Do you struggle with a chronic health issue and/or chronic pain? Do you feel hopeless that you can ever shift it? Would you like to go deeper into what your body might be trying to communicate?

“Healing severe or chronic pain, I believe, includes transforming our relationship to the pain, and, ultimately, it is about transforming our relationship to who we are and to life.”—Sarah Anne Shockley

Let’s be honest for a minute. Having a chronic health condition and/or chronic pain sucks. There are no two ways about it. This blog post isn’t intended to diminish in any way how debilitating and devastating having a chronic condition can be. Instead, I hope to provide another possibility for how to relate to the situation and to your body. In my experience, long-term health issues arise when something is out of balance physically, emotionally, and/or spiritually. While focusing on treating the symptoms is one choice, I believe that exploring what our bodies and psyches are trying to communicate is ultimately more effective.

The following are 4 tips for beginning to explore your chronic condition.

  1. Acknowledge the pain and anger

The first step is allowing space for the emotions and thoughts that arise when you think about your situation. Have a venting session with yourself. Say or write everything that you are thinking and feeling. For example: “This sucks!” “It’s so unfair” “This isn’t how things were meant to be” “Why me?” “What did I do to deserve this?” “Nobody cares” “I must be a terrible person for this to happen to me” and so on. You can also write a list of emotions that are coming up for you. Rage, hopelessness, grief – whatever it may be. To the extent possible, allow it to be OK to have these emotions.

  1. Accepting what is

Common cultural wisdom has it that the only way to overcome a condition is to go to war with it and come out the winner. Anything else is seen as giving up. While this can be a helpful approach for accessing the hope and inner resources necessary to healing, resisting what is may cause an inner split between our reality and how we want things to be. Acceptance is not the same as resignation. It means shifting from a small contracted place of fear to one where there is space for everything to be as it is. Including the parts that are resisting your current situation (which is what we did above).

Having listed your thoughts and beliefs about the situation, I invite you to write or say a statement that both acknowledges the above, and makes room for a little bit of acceptance. For example: “Even though I have this condition and I HATE it, and I’m fighting it tooth and nail (because who wants this!), I’m open to accepting that this is my situation for now.”
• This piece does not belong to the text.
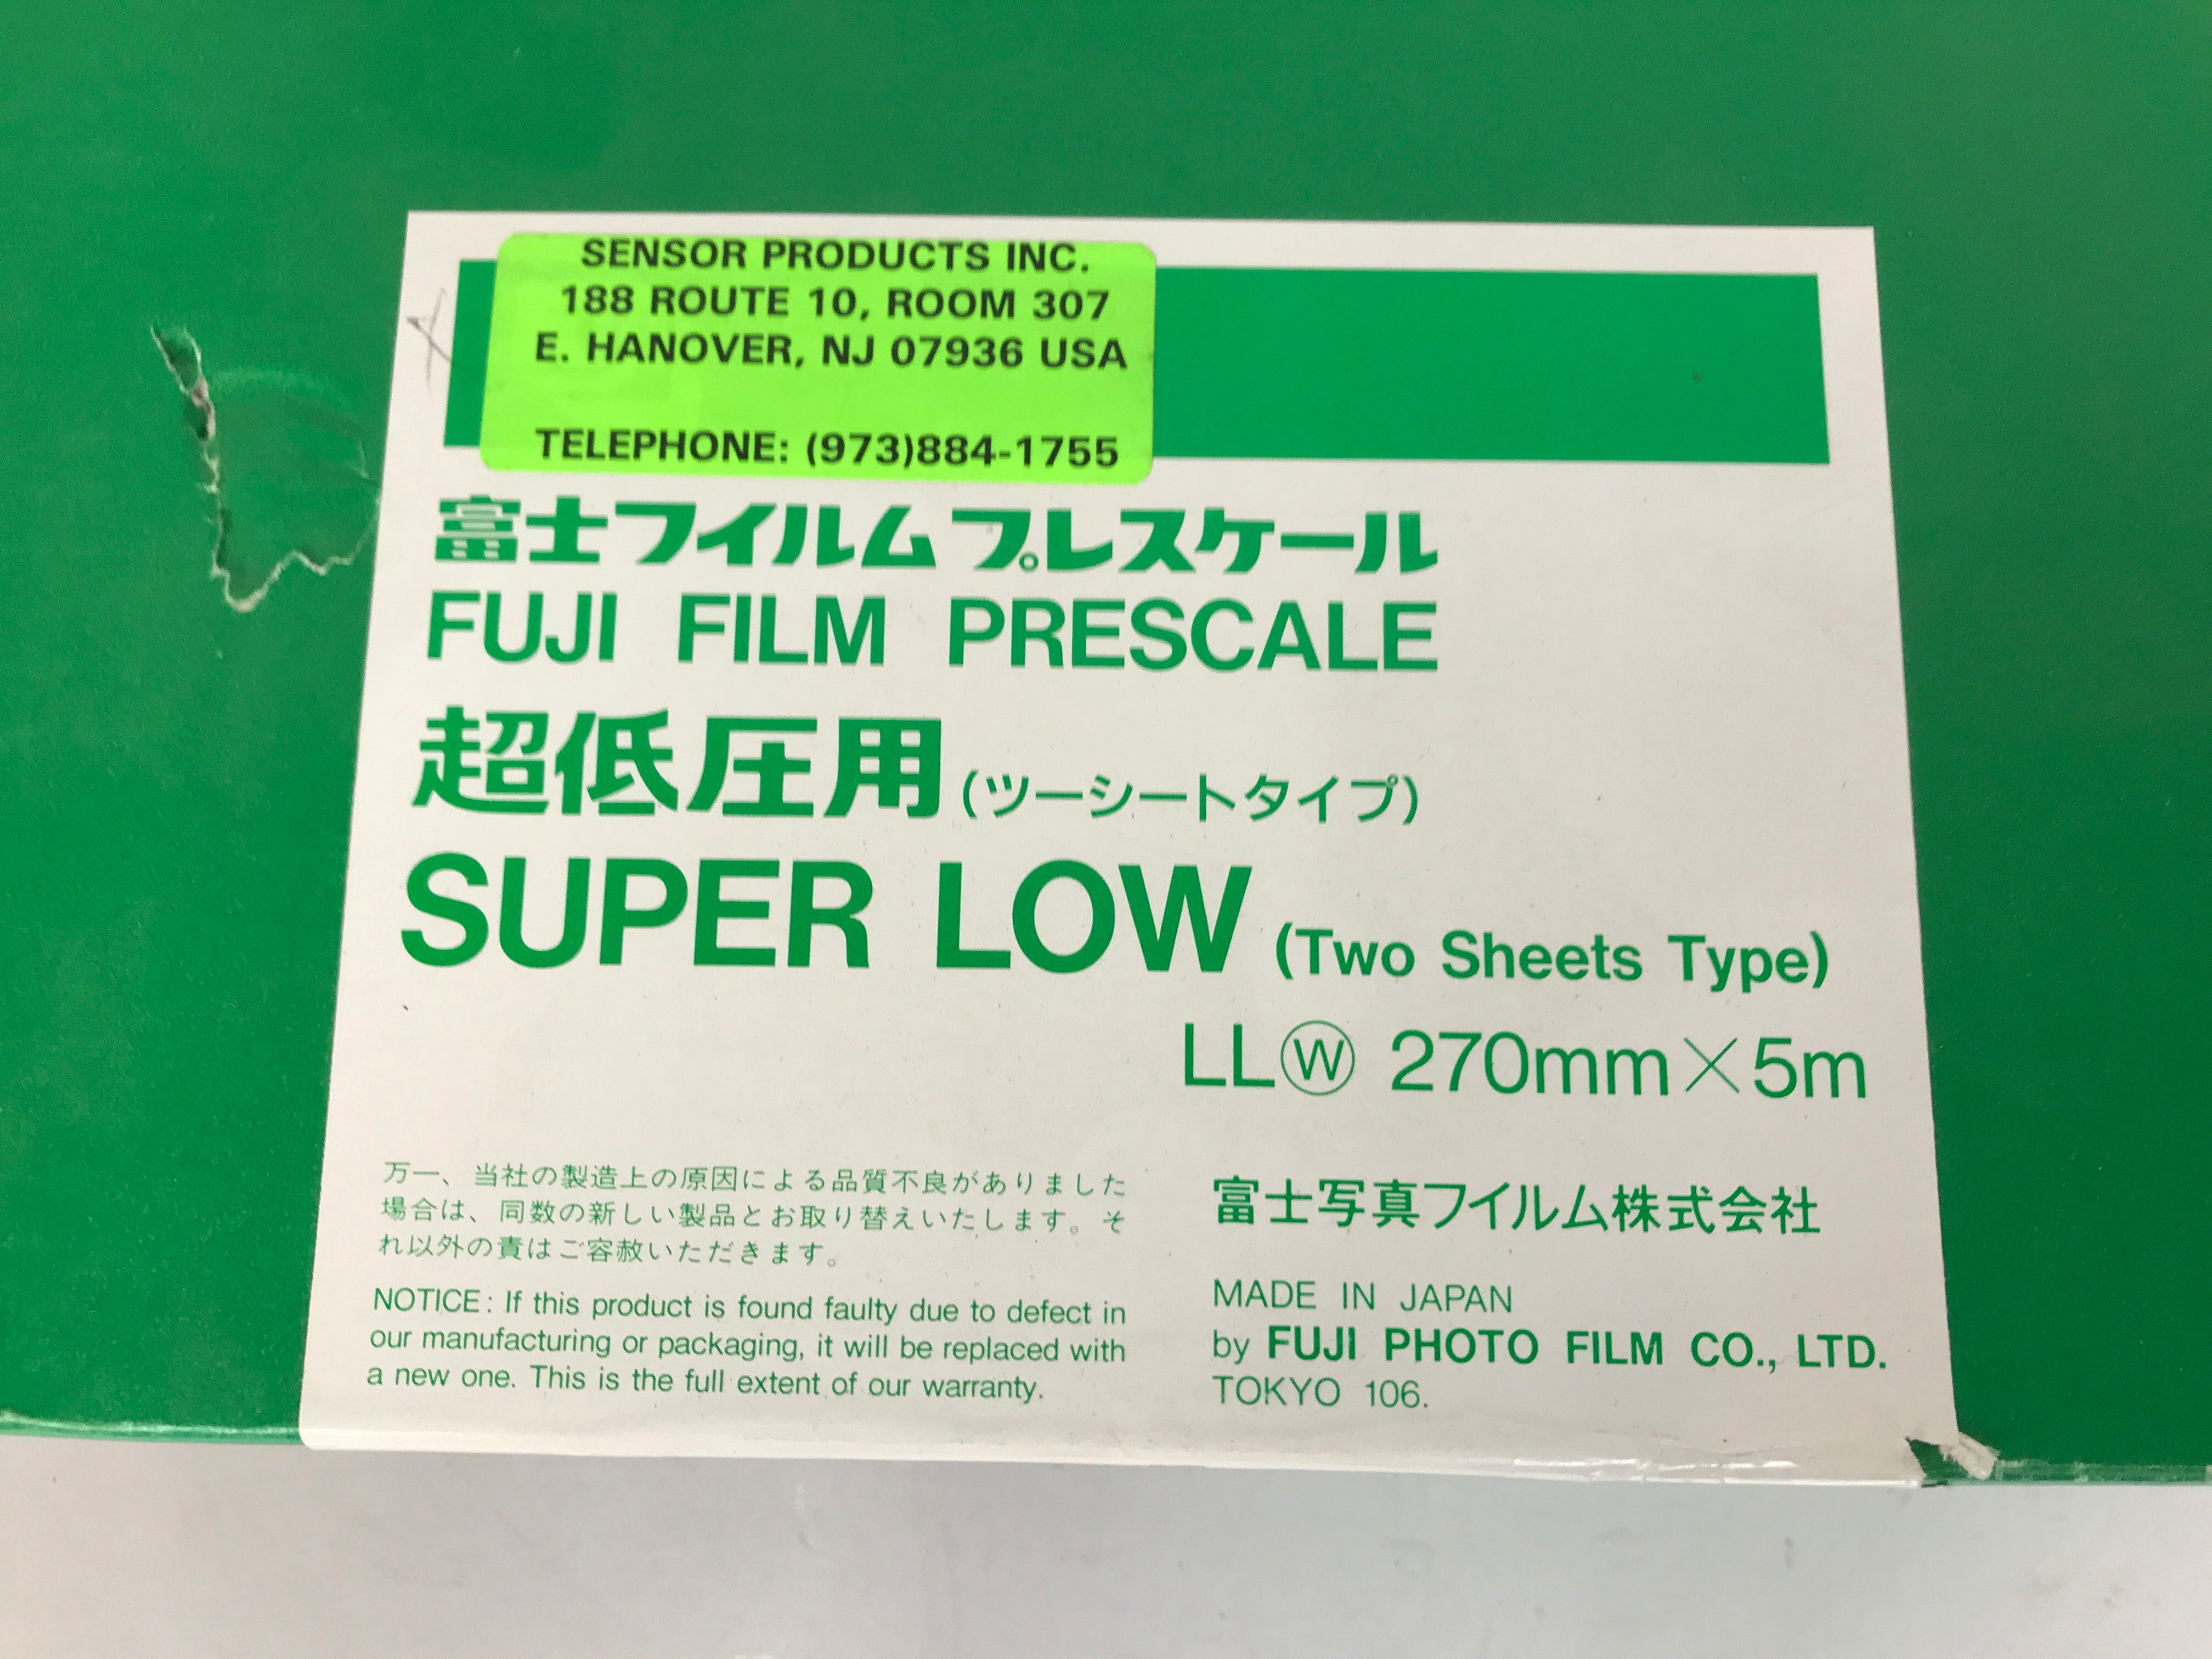 Expired Fuji Film Prescale Super Low LLW 270mm x 5m #2

  1. Moving towards the body

Chronic conditions often (though definitely not always) arise when there is already some disconnect from our bodies. For example, in order to survive we learned to rely on our minds and be in control as much as possible. This usually means not trusting the body and its emotions, which can seem messy and unpredictable. Or we learned to be ashamed of our bodies. Experiences of trauma and coping strategies of disassociation also create a rift with our bodies.  When we have a chronic condition – which is often our body’s way of screaming for our attention – we move further away because being in our bodies feels so unbearable.

Part of the healing process is to slowly learn to move towards the body, and begin a process of reconciliation.  If this is physically possible, I recommend gently squeezing your body from head to toe. Take deep breaths as you go, and if it works for you perhaps say hi to each body part you are touching. This doesn’t need to take longer than 2-3 minutes (although you can always take more time if you wish). I suggest spending a bit more time on your feet. If touching your body is painful or not possible, I invite bringing your attention to each body part (from head to toe), and breathing into each one. Do this every day, ideally once in the morning and once in the evening, for a month.

  1. Listening

Once you start having a bit more of a connection with your body, you may want to explore what your body is trying to communicate with you. Close your eyes, and bring to mind the chronic health issue you are struggling with. Notice any area of your body that feels painful, achy, contracted or uncomfortable. To the extent possible, take nice gentle breaths into the area. Allow yourself to get a little closer to the sensations then you might usually. Ask yourself, if there was an emotion associated with this health issue and/or pain, what emotion might it be? If nothing comes up, that’s absolutely time. Ask your body if it has a message or a request from you. See if you can receive the responses with gentleness. I recommend checking in with your body in this way at least once a week.